By admin
Posted on: 2015-02-12 Uncategorized

Return on Human Investment

Employees are investors.

Employees are investors of themselves. Investors of their time, yes. But for a company to succeed, it needs all staff to invest all of themselves. Not just their time.

Human Return on Human Investment

How might you be even more successful if you, your company, thought that way?

While I was at Procter and Gamble, there was an initiative to treat staff truly as human capital. Neither as assets nor as liabilities.

The framing question to ask as a manager is: “am I maximising the human return on human investment”?

This cuts both ways:

  1. Am I maximising the return for my direct reports on their investment of themselves?
  2. Am I maximising the return for the business on their investment of themselves?

Human capital works fundamentally differently to financial capital.. It can only be invested once.

Compare it to the investment in a fried breakfast. The commitment of the chicken versus the pig. A chicken has plenty of opportunity to lay an egg and another and another. A pig has one opportunity to give bacon.

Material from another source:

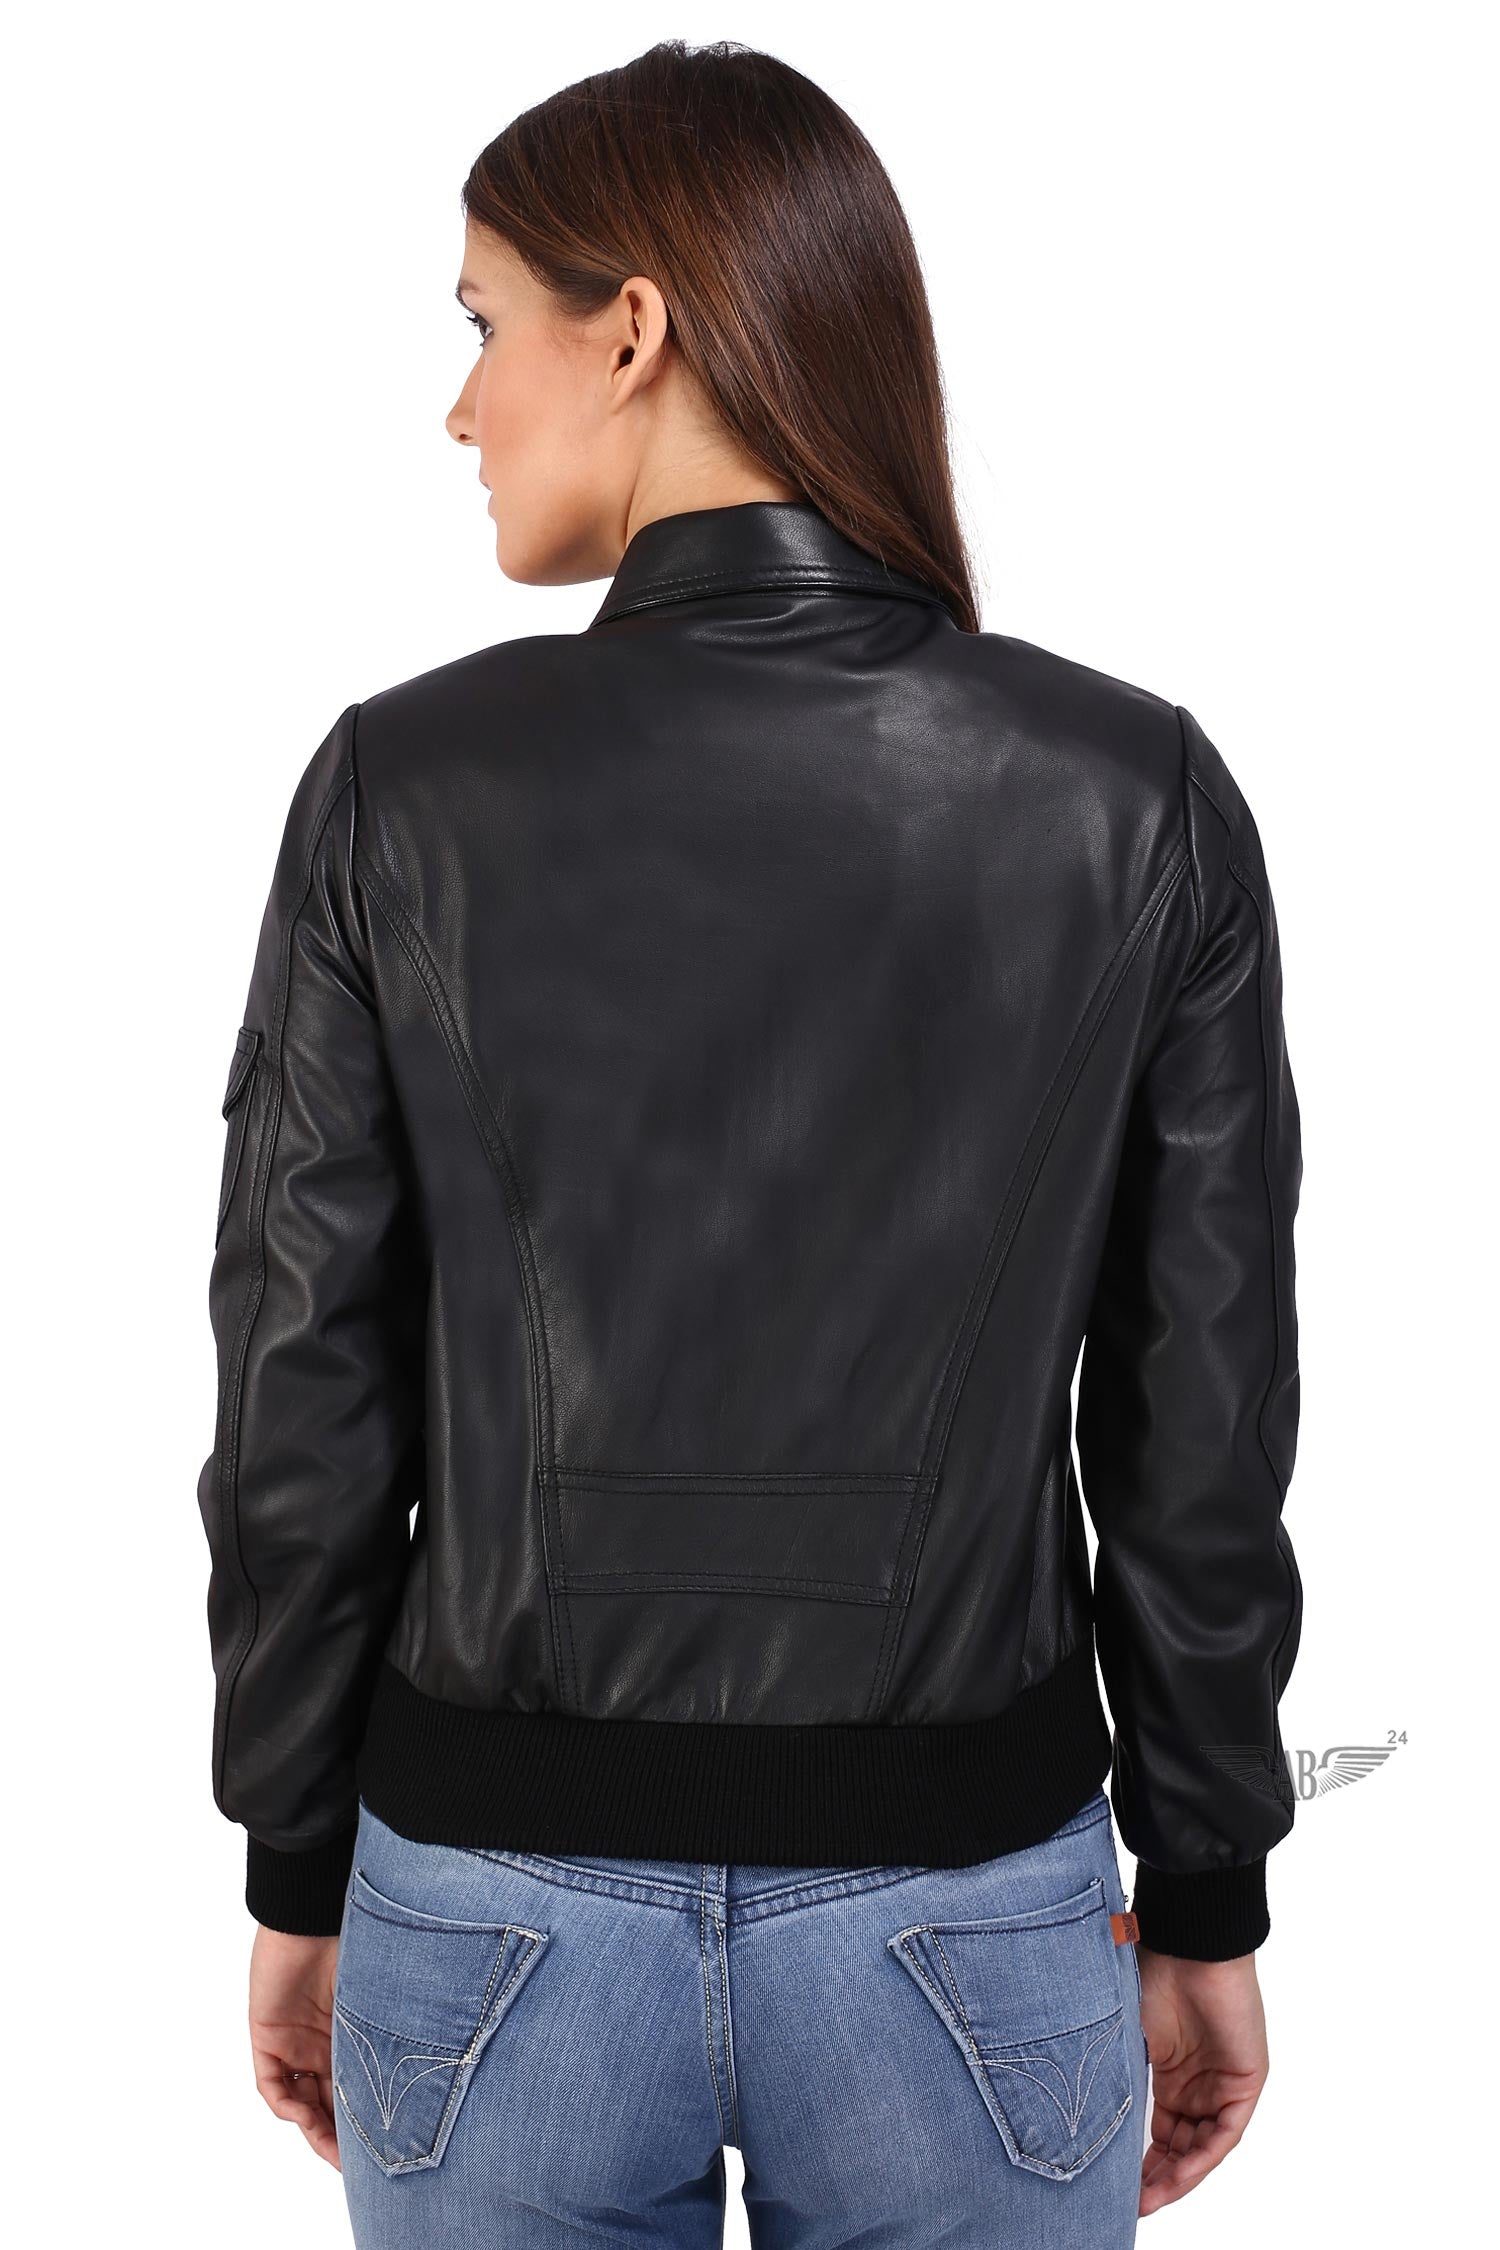 back view of Womens bomber jacket (black leather jacket)

Financial capital can be invested, repaid, multiplied, and invested again. The time human capital invests can only be invested once. It will never be multiplied, never repaid. I can never again have my fortieth year, invested once in Procter and Gamble, gone for good.

By looking at human capital as capital, my job is to maximise all returns on all investments, financial and human.

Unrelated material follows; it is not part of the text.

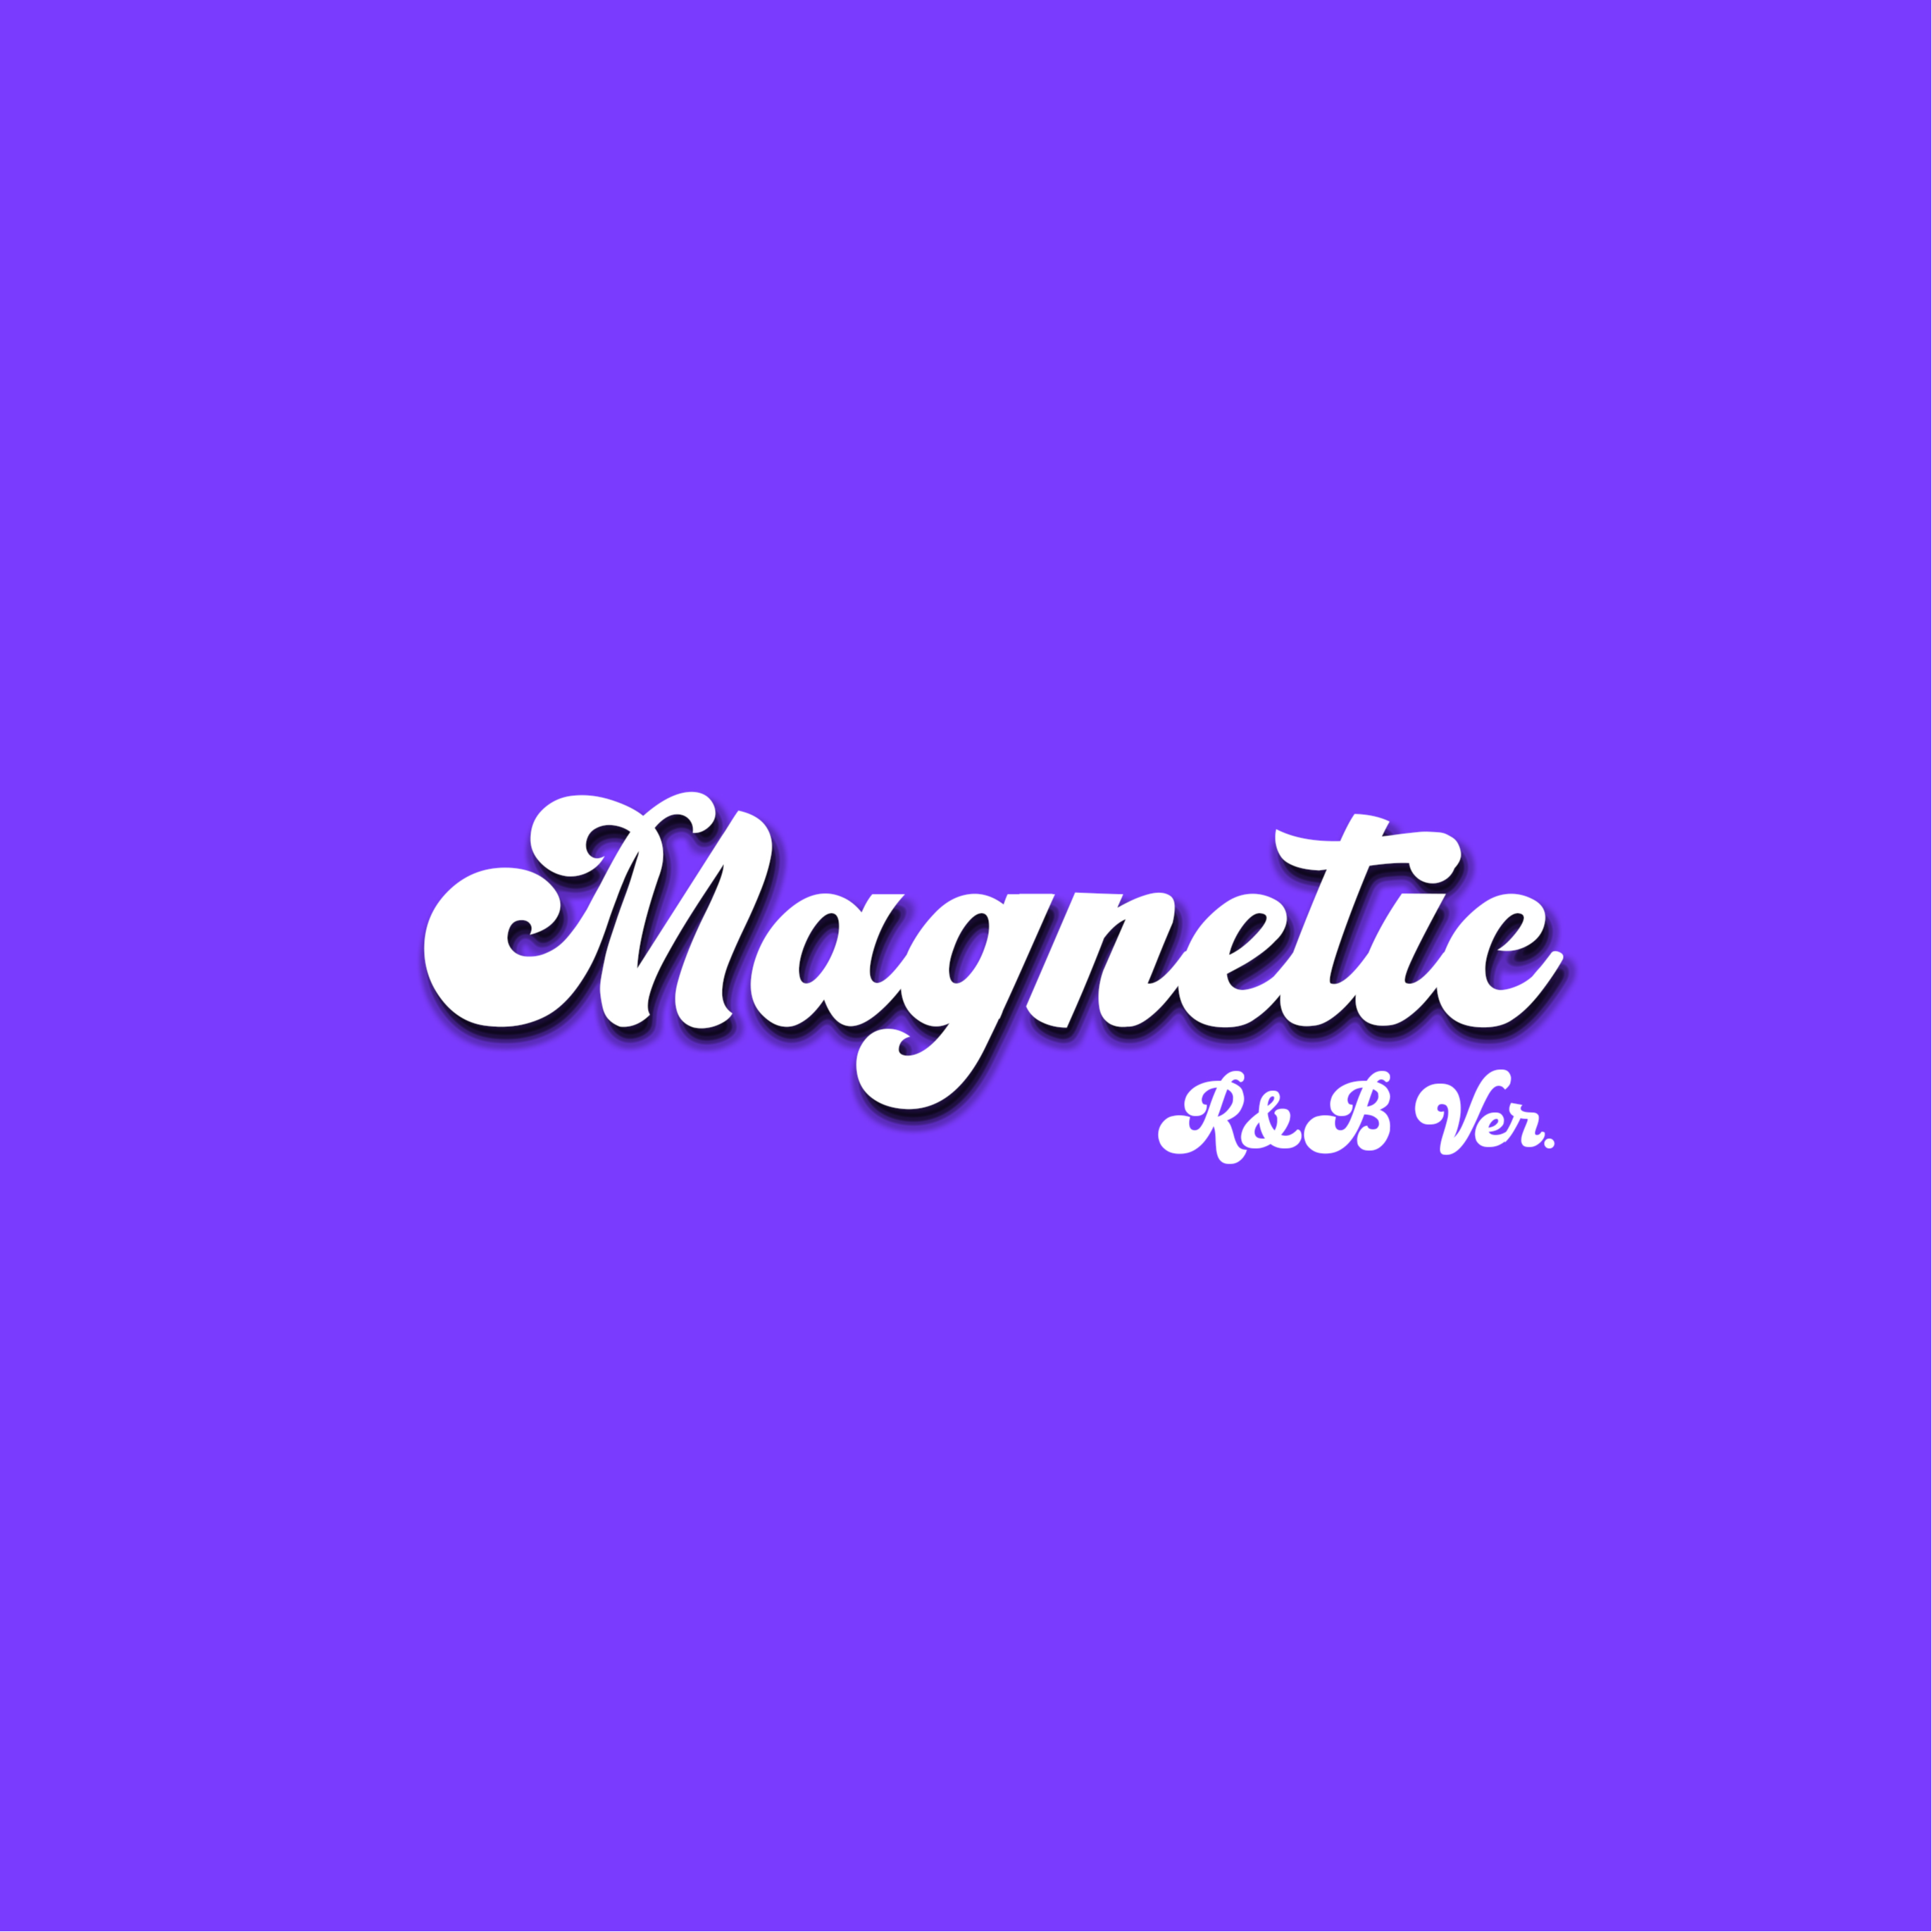 Magnetic (R&B Ver.)专辑

How might a VC be even more successful by seeing human capital truly as a capital – but with counter-cyclic behaviour? For example, human capital is often at its most valuable when the financial capital runs out. Yet unlike fixed assets, it can walk out at any point.

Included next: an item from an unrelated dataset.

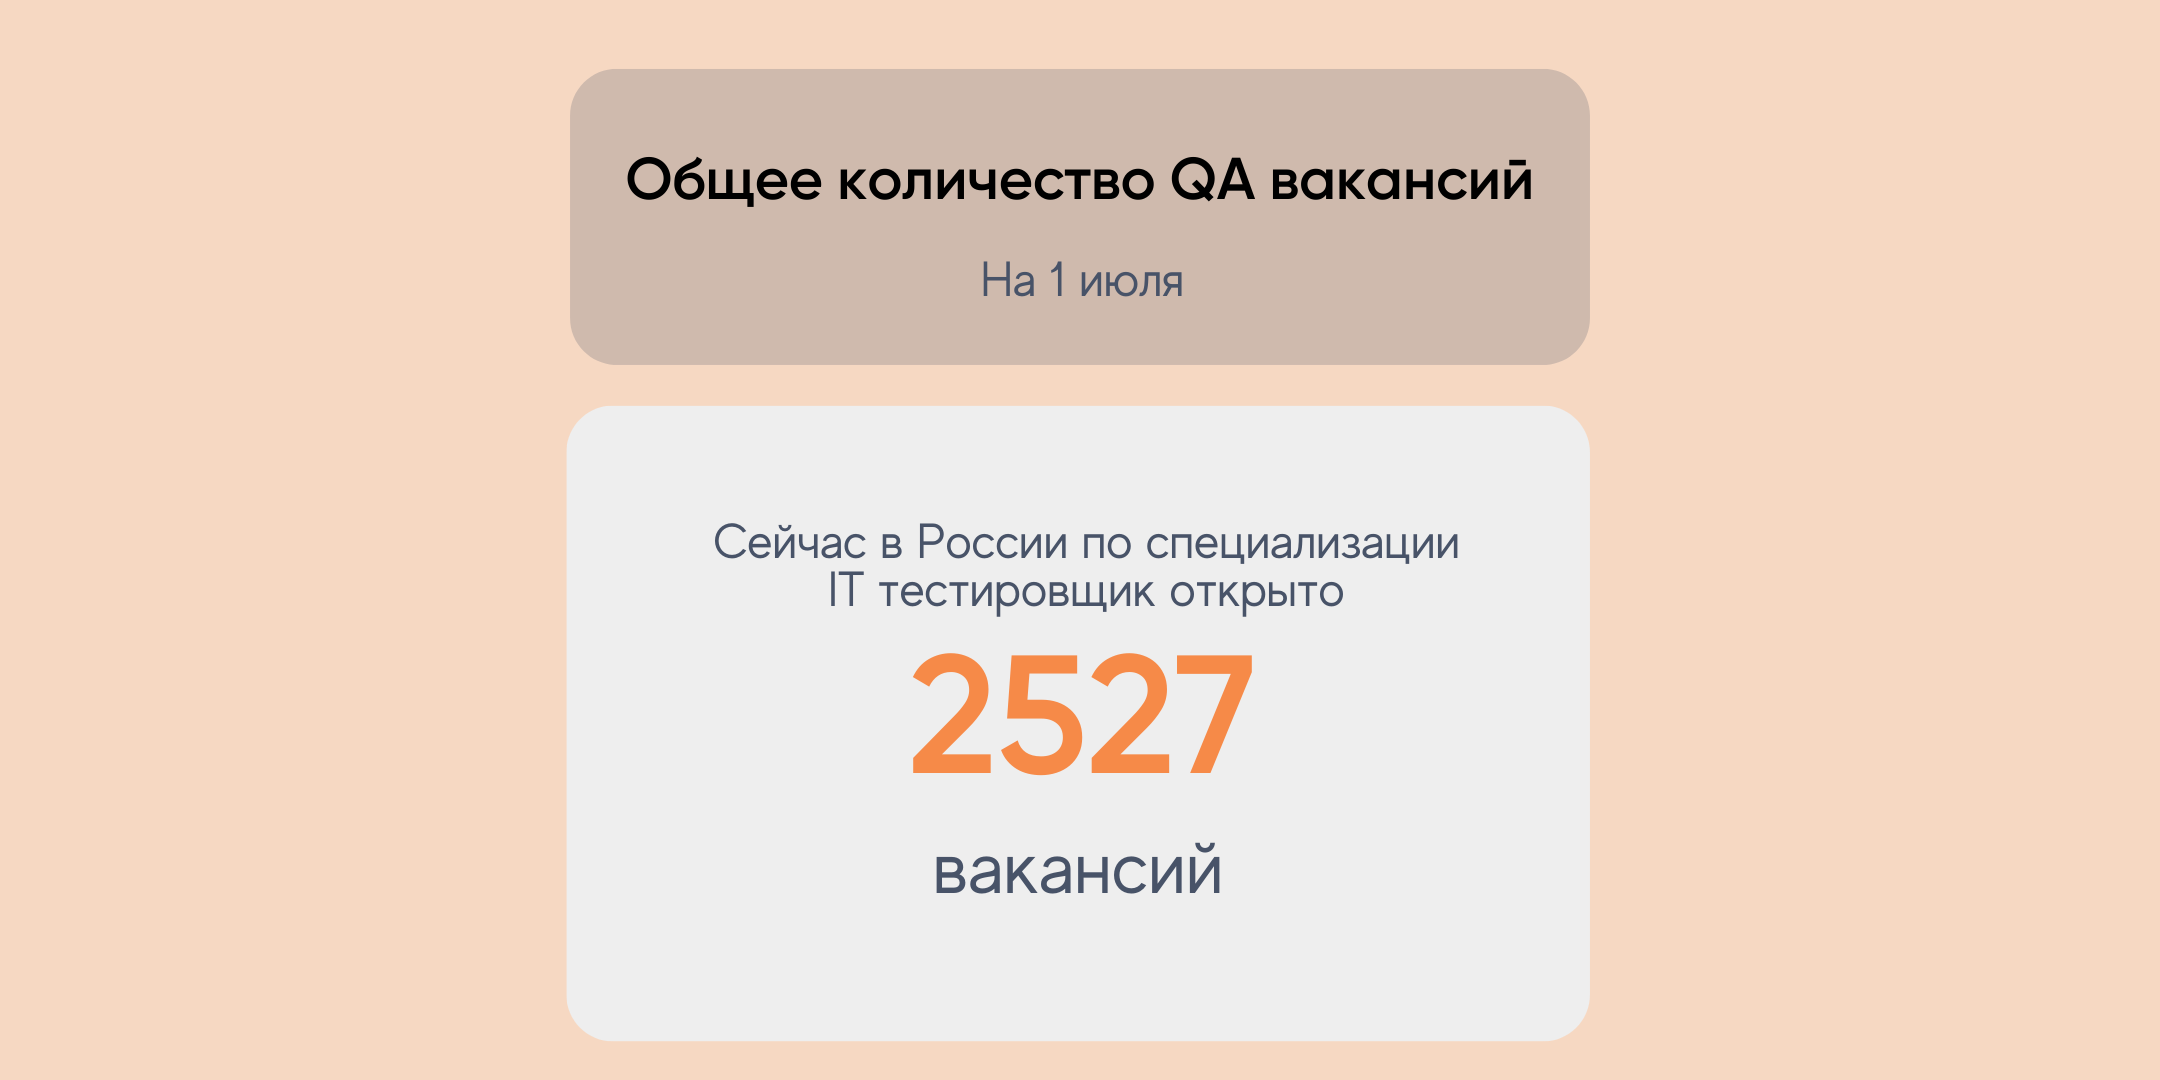 Общее количество QA вакансий в РФ на 1 июля

It is especially counter-cyclic in how to maximise RoI. Motivating a knowledge worker is not done by money. Yes, an uncomfortable life due to a lack of money de-motivates. But adding more money (beyond what allows a comfortable life) fails to motivate. You must motivate knowledge workers via intrinsic rewards, especially mastery autonomy, purpose and a long-term voice in the use a company puts their investment into.

This leads to the thought of wondering what venture capital would be if all businesses, if all venture capitalists, looked at the staff in their organisations as human capital. Where the job of the CEO, of the venture capitalist, everyone, was to first and foremost maximise the return on all investments. Human capital and financial capital.

What do you think your results might be if you maximised the human return on human capital?